■ THE PROBLEM
Look below for the line containing "Adabana-Vol.-1-2" and the line containing "Une scène de"; repeat exactly those two lines and all lines between them, and nothing else.

■ PROVIDED INFORMATION
◇ ◇ ◇ ◇

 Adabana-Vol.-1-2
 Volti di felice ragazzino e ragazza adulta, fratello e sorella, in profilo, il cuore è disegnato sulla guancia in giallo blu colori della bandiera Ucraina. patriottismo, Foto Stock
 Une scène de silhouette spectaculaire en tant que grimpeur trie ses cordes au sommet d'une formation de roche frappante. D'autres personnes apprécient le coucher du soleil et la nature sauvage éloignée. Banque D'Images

◇ ◇ ◇ ◇

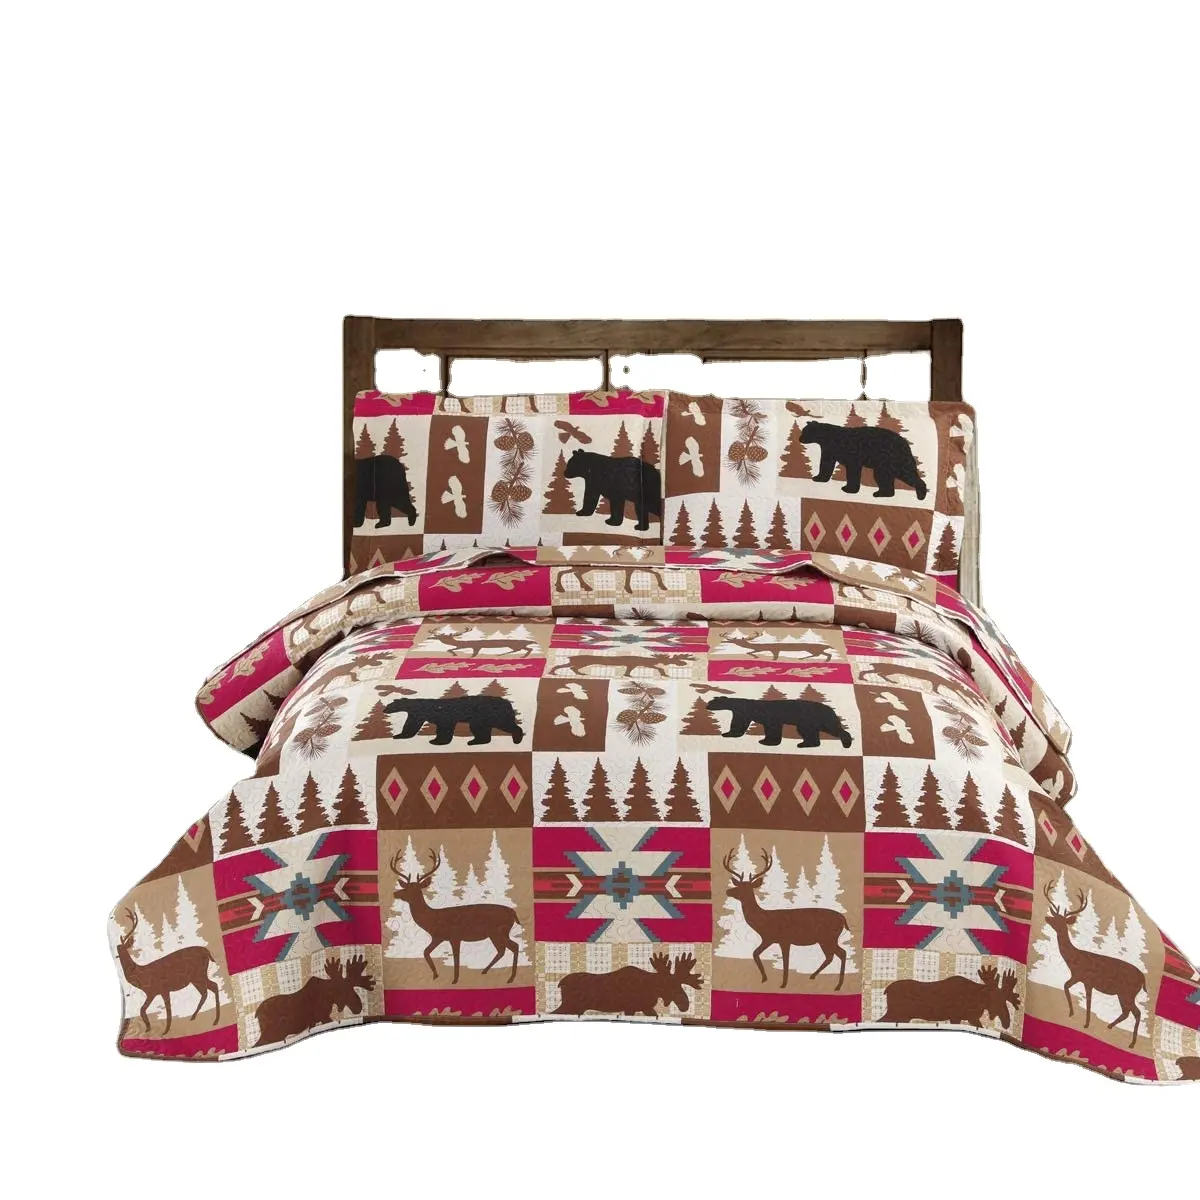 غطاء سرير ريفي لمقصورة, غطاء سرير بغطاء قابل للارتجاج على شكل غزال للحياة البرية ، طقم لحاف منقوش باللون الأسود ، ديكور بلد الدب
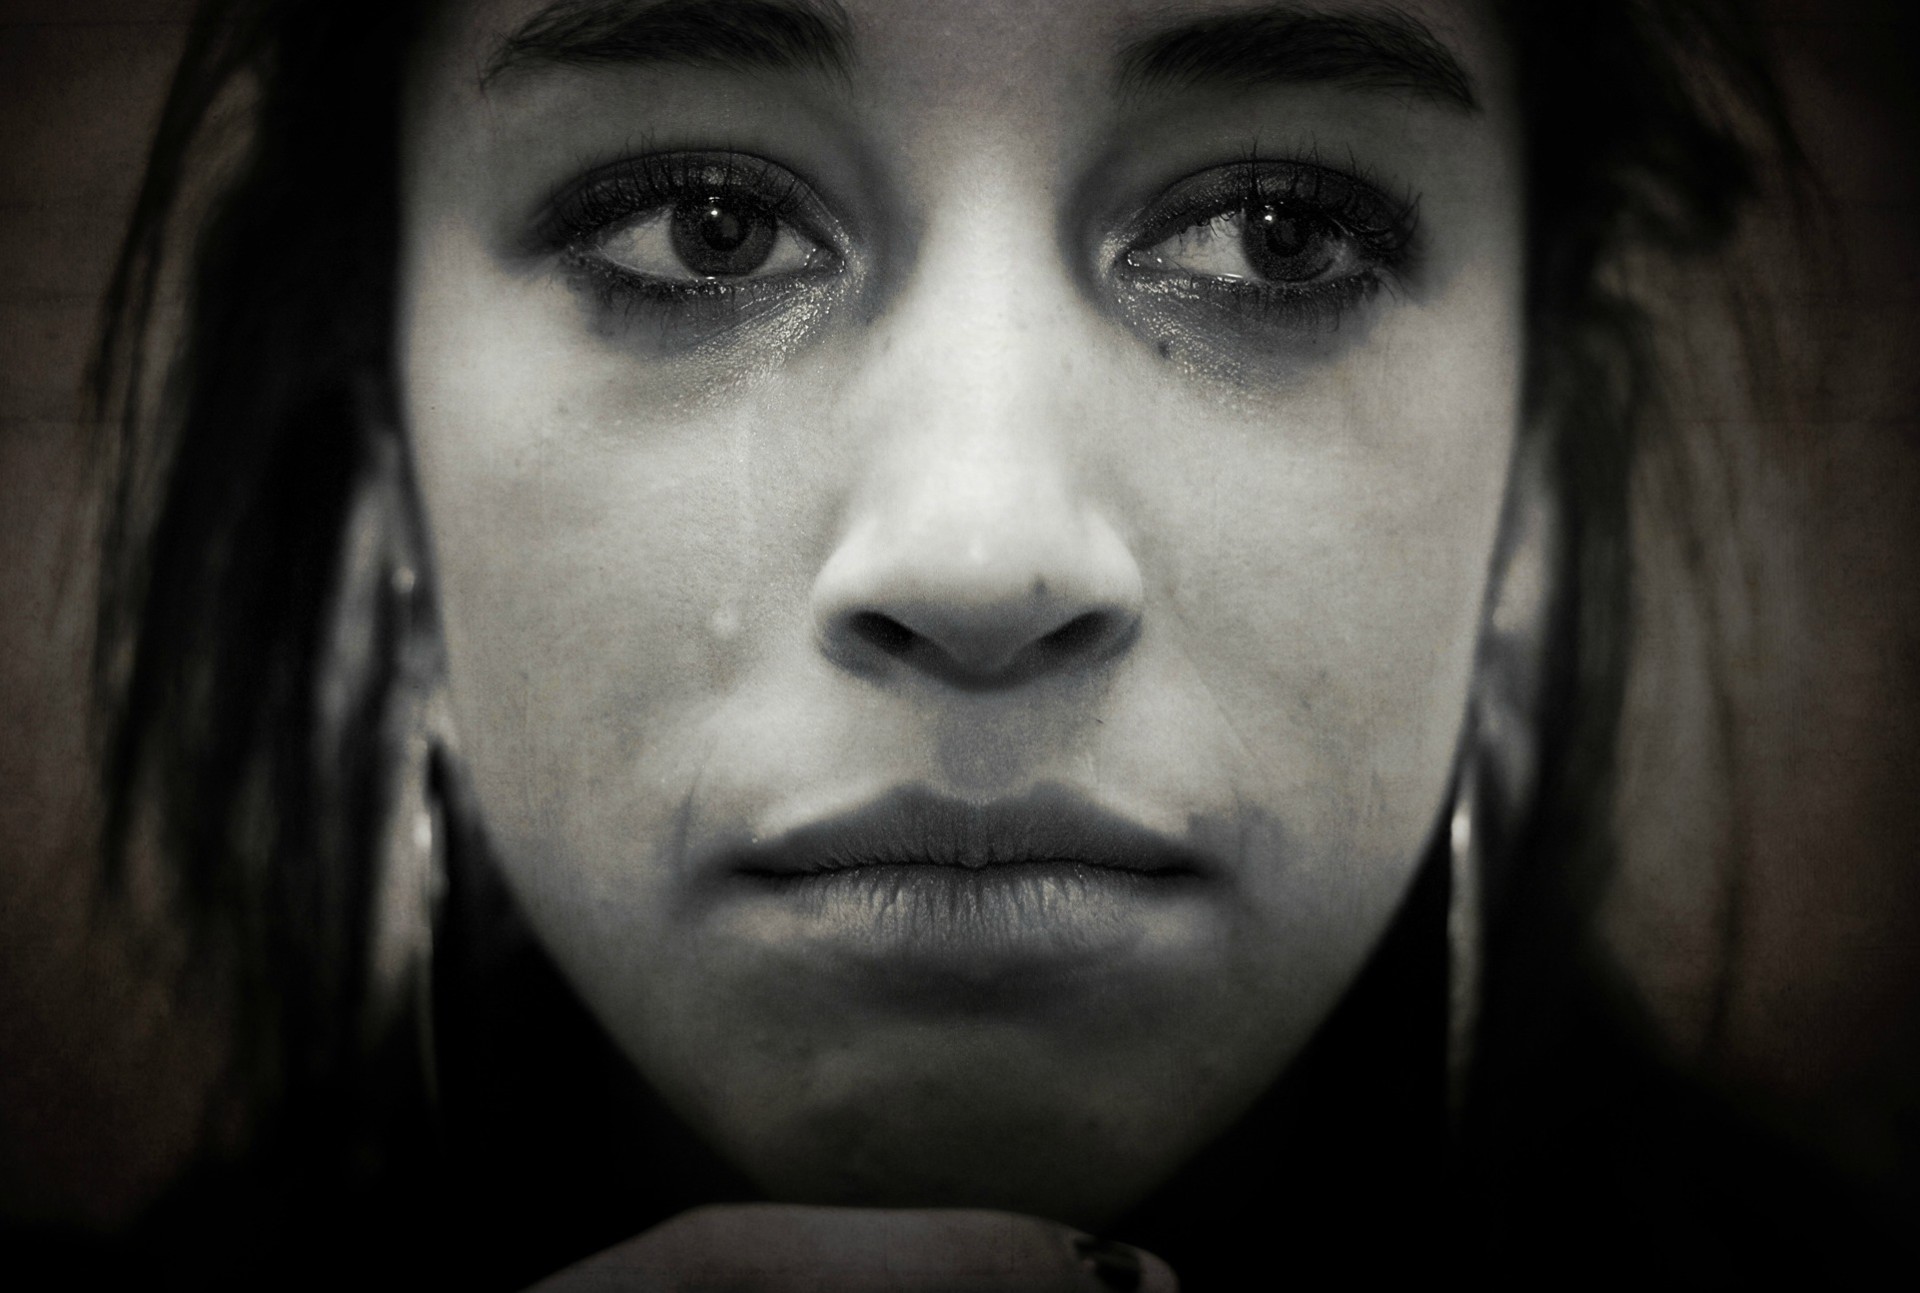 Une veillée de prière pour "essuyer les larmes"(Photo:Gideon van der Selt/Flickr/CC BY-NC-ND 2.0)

◇ ◇ ◇ ◇

■ RESULT BELOW
 Adabana-Vol.-1-2
 Volti di felice ragazzino e ragazza adulta, fratello e sorella, in profilo, il cuore è disegnato sulla guancia in giallo blu colori della bandiera Ucraina. patriottismo, Foto Stock
 Une scène de silhouette spectaculaire en tant que grimpeur trie ses cordes au sommet d'une formation de roche frappante. D'autres personnes apprécient le coucher du soleil et la nature sauvage éloignée. Banque D'Images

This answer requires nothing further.